We next analyzed whether activation of NMDA and D1 receptors was associated with changes in Cdk5 expression and phosphorylation. Exposure of wild-type STHdhQ7 and mutant STHdhQ111 striatal cells to NMDA resulted in a similar time-dependent increase in Cdk5 phosphorylation. Statistical analysis using two-way ANOVA revealed a significant time interval effect (F(4,25) = 16.03; p < 0.001) without differences between genotypes (F(1,25) = 3.57; p = 0.08) (Fig. 4C). The analysis also demonstrated no interaction between factors (F(4,25) = 0.57; p = 0.7). Thus, the increase in Cdk5 phosphorylation was already evident at 5 min, maximal at 15 min, and remained high even 60 min after treatment. In contrast, in the presence of 100 μm SKF38393, the kinetic of Cdk5 phosphorylation differed in mutant STHdhQ111and wild-type STHdhQ7 cells (Fig. 4D). Statistical analysis using two-way ANOVA revealed a significant effect of genotype (F(1,25) = 39.36; p < 0.001) and time (F(4,25) = 11.85; p < 0.001) and a significant genotype × treatment interaction (F(4,25) = 20.16; p < 0.001), which demonstrates that the time-dependent phosphorylation of Cdk5 induced by SKF38393 differs between wild-type and mutant huntingtin striatal cells. Thus, wild-type STHdhQ7 cells and mutant STHdhQ111 cells showed a significant increase in Cdk5 phosphorylation induced by SKF38393 at 5 min (∼8-fold; p ≤ 0.001). However, at longer periods, no higher increase in p-Cdk5 was observed in wild-type STHdhQ7 cells, whereas mutant STHdhQ111 cells exhibited a sustained increase in Cdk5 phosphorylation that was maximal at 60 min after treatment (∼17-fold; p ≤ 0.001) (Fig. 4D). These data suggest a dual role of mutant huntingtin on the Cdk5 pathway by reducing the total expression of Cdk5 and enhancing D1R-mediated Cdk5 phosphorylation.

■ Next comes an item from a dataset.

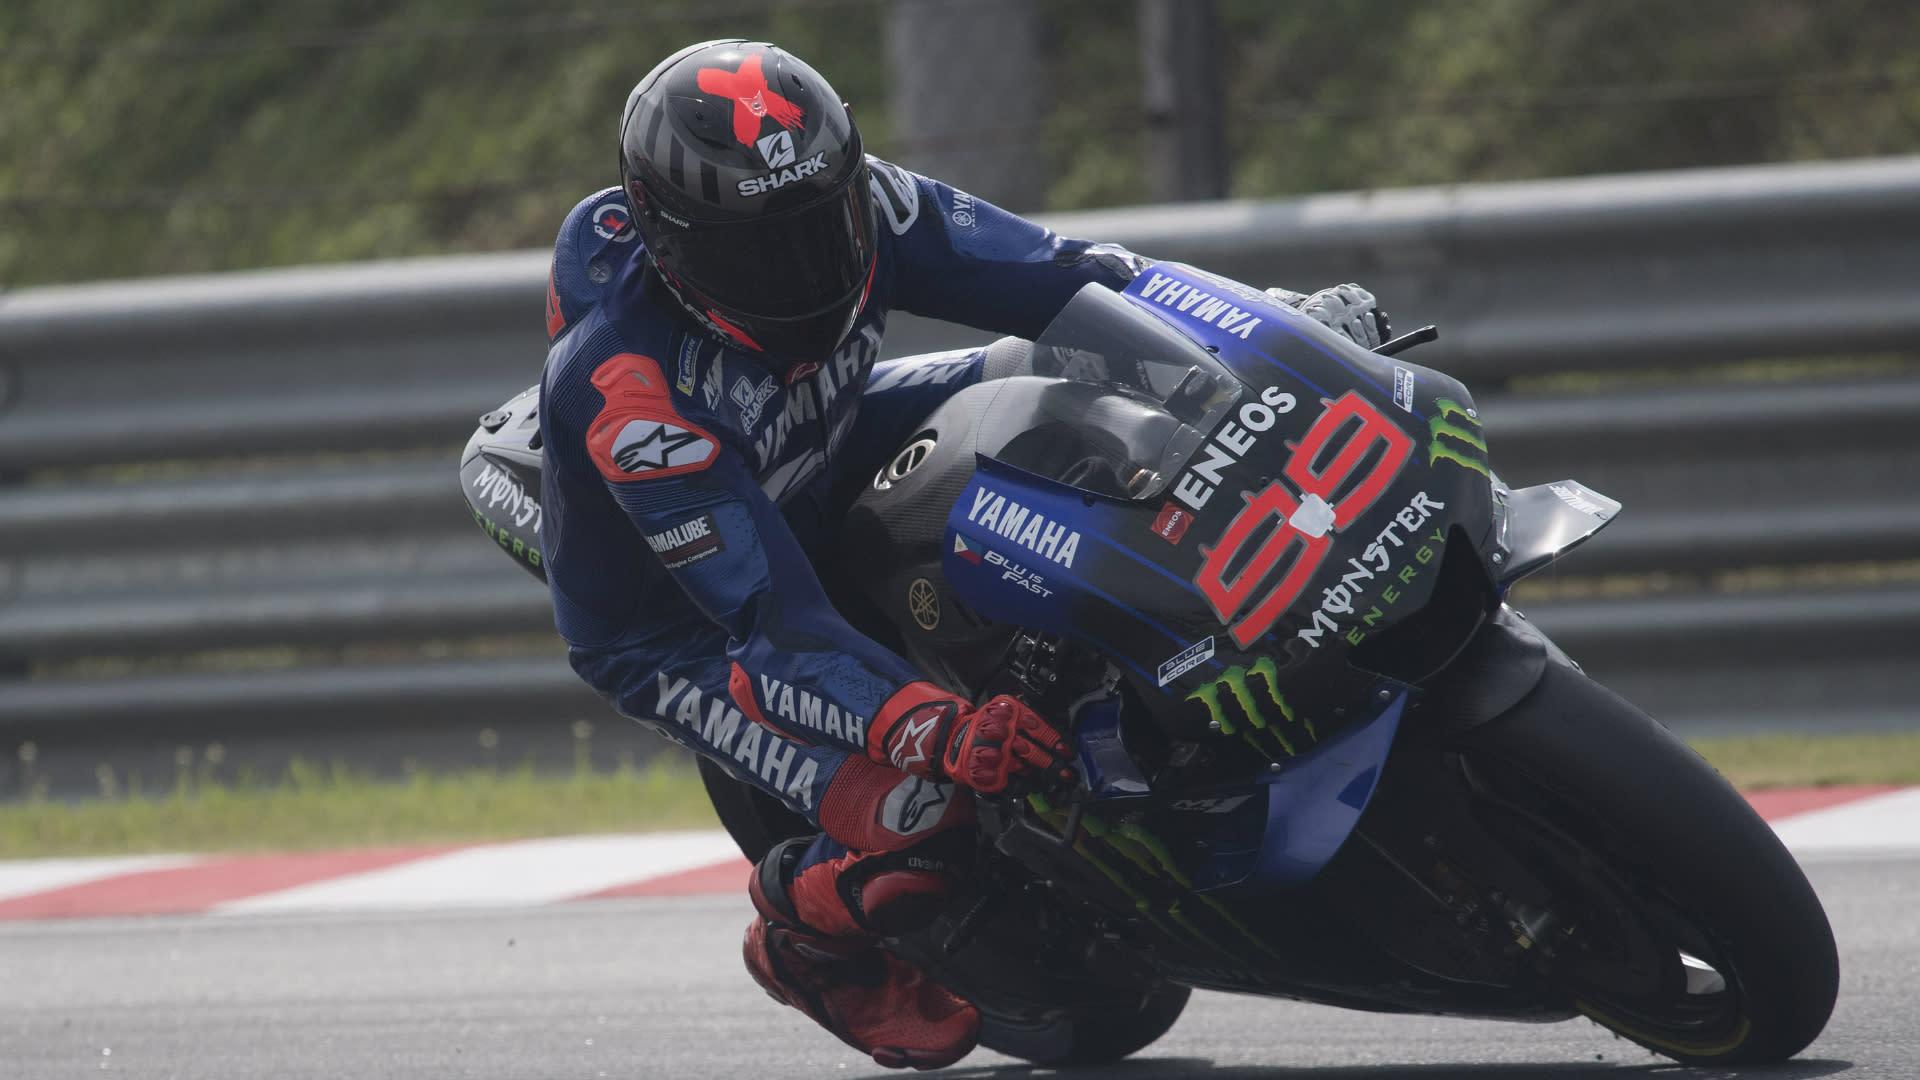 Motogp 2020 Rossi And Quartararo Question Yamaha Over Underused Lorenzo

Finally, we investigated whether pretreatment with NMDA modified the D1R-mediated phosphorylation of Cdk5 in wild-type STHdhQ7 and mutant STHdhQ111 striatal cells. Exposure of wild-type STHdhQ7 cells to NMDA before SKF38393 treatment did not change the pattern of Cdk5 phosphorylation compared with SKF38393 alone (F(1,25) = 0.89; p = 0.35) (Fig. 4E). However, mutant STHdhQ111 cells pre-exposed to NMDA exhibited higher Cdk5 phosphorylation compared with those treated with SKF38393 alone (F(1,25) = 147.07; p < 0.001) without significant interaction between treatment and time (F(4,25) = 2.21; p = 0.092). These results demonstrate that in the presence of mutant huntingtin, activation of Cdk5 by D1R is potentiated by NMDAR activation.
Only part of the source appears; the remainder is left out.